2000年代前半にe-Japanという国家主導のIT戦略があった。世界トップのIT国家とすべく高速インターネットの世帯普及率を高め、電子政府システムや各種ネットサービスを充実させることを目的とした。森元首相所信表明演説でITを国家戦略の柱にするとしたことでも知られる。

「日本新生」の最も重要な柱は「IT戦略」、いわばE―ジャパンの構想であります。「日本型IT社会」の実現こそが、二十一世紀という時代に合った豊かな国民生活の実現と我が国の競争力の強化を実現するための鍵であるからです。人類は、そして我々日本人は、IT革命という歴史的な機会と正面から取り組む決意が必要です。
第百五十回国会における森内閣総理大臣所信表明演説

この所信表明演説の中でも触れられ、その後のe-Japan戦略の中でも中心的な技術として数年間多額の投資をされることになったのが、IPv6だ。

電子政府の早期実現、学校教育の情報化、通信・放送の融合化に対応した制度の整備など、多岐にわたる課題についても、「IT戦略会議」における議論を踏まえつつ、果敢に取り組んでまいります。また、先端インターネット技術等の研究開発、IPバージョン6などによるグローバルインターネットの課題解決への積極参加など、インターネットの発展に対する大きな国際的貢献を目指します。
第百五十回国会における森内閣総理大臣所信表明演説

一国の政治のトップがインターネットの先進的な技術に所信表明演説で言及したと、当時大きなニュースになった。2000年代半ばまで続いたe-Japan戦略でも多くのプロジェクトに国家予算が割り当てられた。さまざまな実証実験なども行われたのは記憶に新しい。総額は不明だが、かなりの投資が行われていた。

World IPv6 Dayで見えてきた課題

日本は間違いなくIPv6先進国であった。多くの通信事業者やネットワーク機器開発ベンダーなどが標準化から実装、運用技術にいたるまで世界をリードした。BSDでのKAMELinuxでのUSAGIはリファレンス実装として標準化と実装の両方に大きく貢献し、TAHIプロジェクトでの相互運用性試験はIPv6 ForumでのIPv6 Ready Logo開始の中心的な役割を担った。

日本の積極性が目立った2000年代前半が過ぎ、しばらくすると他国もキャッチアップしてきた。IPアドレスの枯渇は世界的な問題であり、他国とともに来るべきIPv6の適用開始に備え、協調するのは必須だ。今年初めにはグローバルIPv4アドレスを割り当てるためのプールが無くなったことも報道され、いよいよIPv6を使う時代に入りつつある。
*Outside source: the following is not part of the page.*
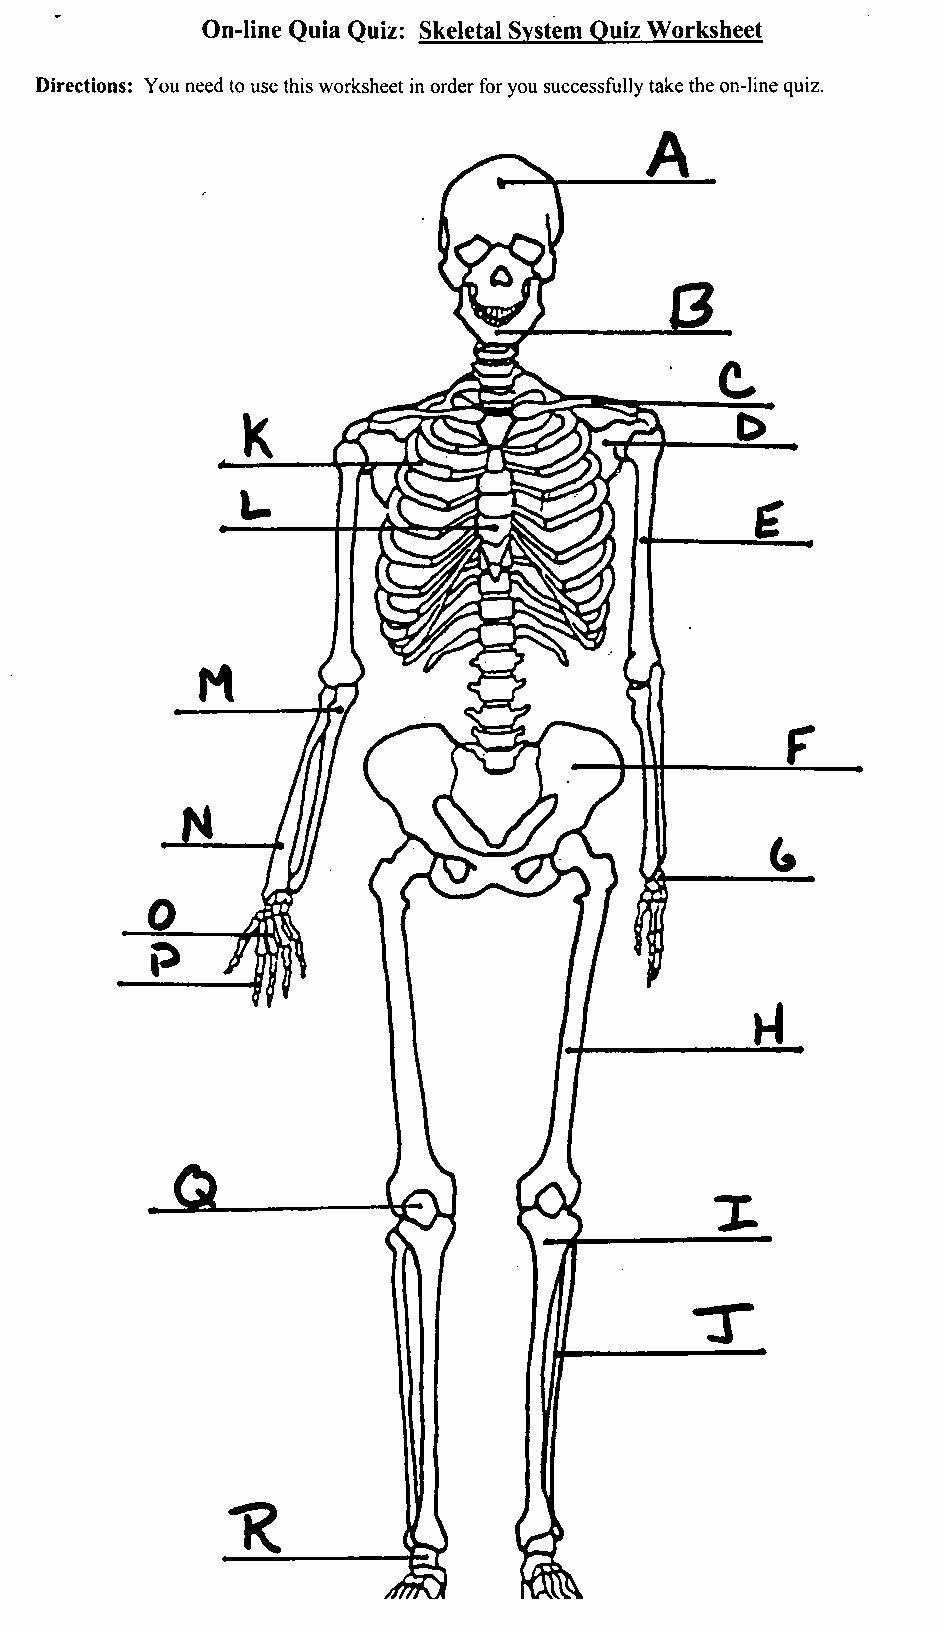 Skeletal System Labeling Worksheet Pdf Fresh Image Result for Skeletal System Labeled

今年の6月に行われたWorld IPv6 DayIPv6の本格的な展開を試験するための大事なイベントだった。世界で多くのサイトが1日だけIPv6でアクセス可能にし、実稼働システム上での問題点を把握するという目的で行われた。表面上は無事終了した。当初の報道でもそのように伝わっていた。
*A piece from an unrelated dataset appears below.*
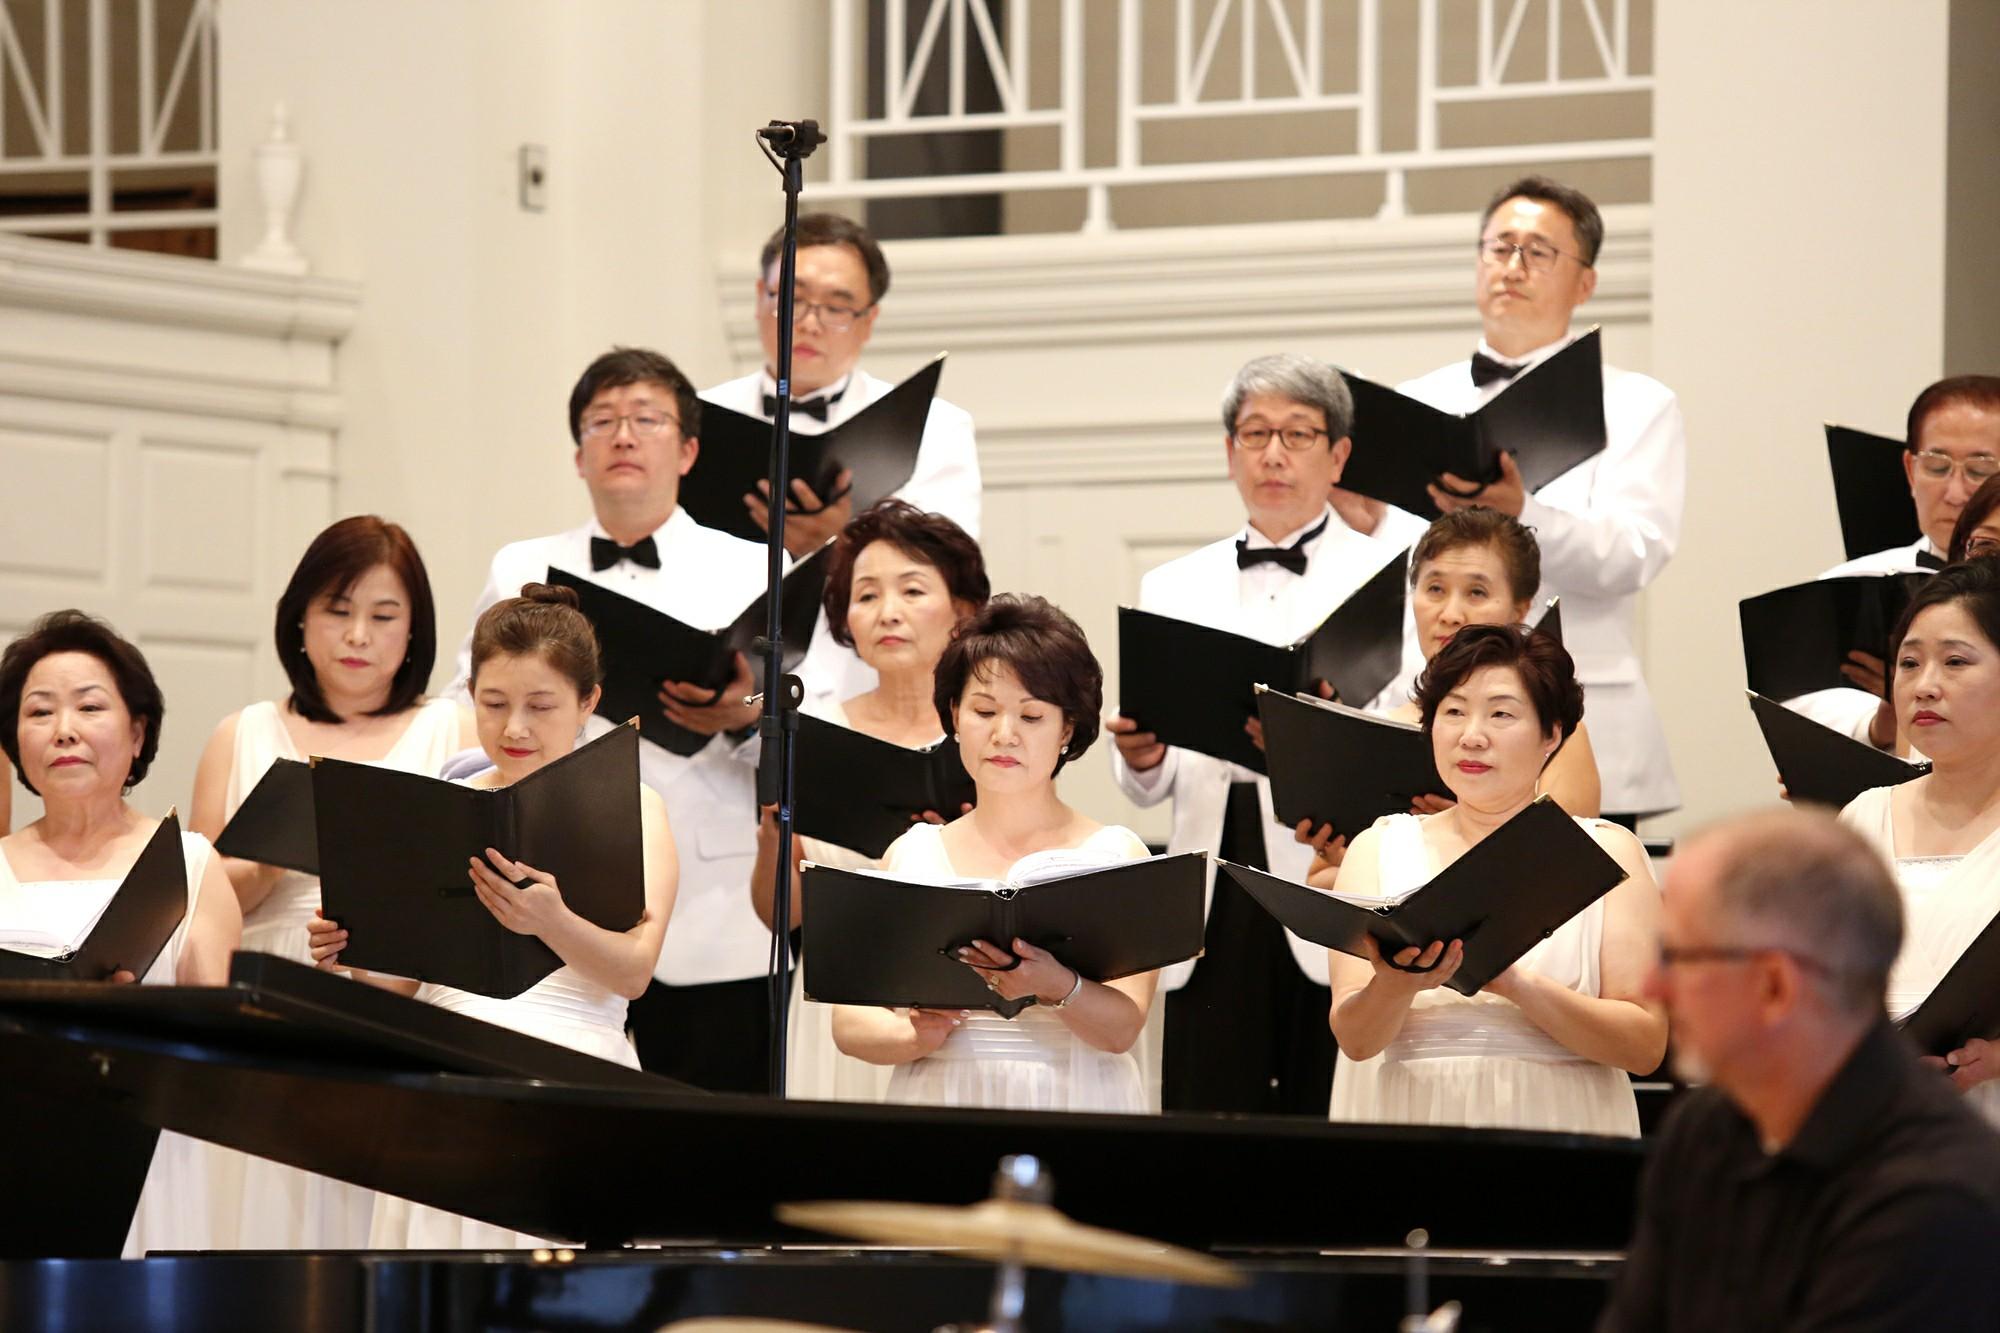 한국의 혼 연주회 단원 사진1.jpg

世界規模の実験ということで、今まで顕在化していなかったIPv6ネットワークに関する問題が発生する可能性があるのではないかとも考えられていた。しかし、World IPv6 Dayに関する日本語情報サイトによると、一部サイトでサーバー側の設定ミスが報告されるなどのトラブルはあったが、世界的に大きな混乱はなかった模様だとしている。また、期間中はIPv6トラフィックが増加したことも確認されたという。
「World IPv6 Day」が無事終了、大きな混乱はなかった模様 - INTERNET Watch

しかし、解析が進むと、日本特有の問題が見えてきた。同じ上の記事の中でも書かれている「ウェブサイトが見られなくなったり、表示が遅くなるなどの障害が発生」していたのだ。ここで勘違いしないで欲しいのだが、IPv6接続の場合に起きていたのではなく、ユーザーのネットワークによって、ユーザーの意図しないところで、IPv4アクセスでも遅延が発生していたのである。

ネットワーク環境やOS、アプリケーションによっては、ふだんは問題なく閲覧できている参加企業のウェブサイトが見られなくなったり、表示が遅くなるなどの障害が発生する可能性があることがあらかじめ判明していたため、日本マイクロソフトや日本インターネットプロバイダー協会(JAIPA)などが対処方法などを案内していた。
「World IPv6 Day」が無事終了、大きな混乱はなかった模様 - INTERNET Watch

これはフォールバック問題と言われるもので、IPv6を利用出来る端末がIP接続を行う際にDNSのレコードとしてIPv6用のAAAAアドレスを取得し、そのアドレスを用いてアクセスするが、実際にはIPv6では接続出来ないために、IPv4にフォールバックすることになり、それにより大きな遅延が生じる問題である。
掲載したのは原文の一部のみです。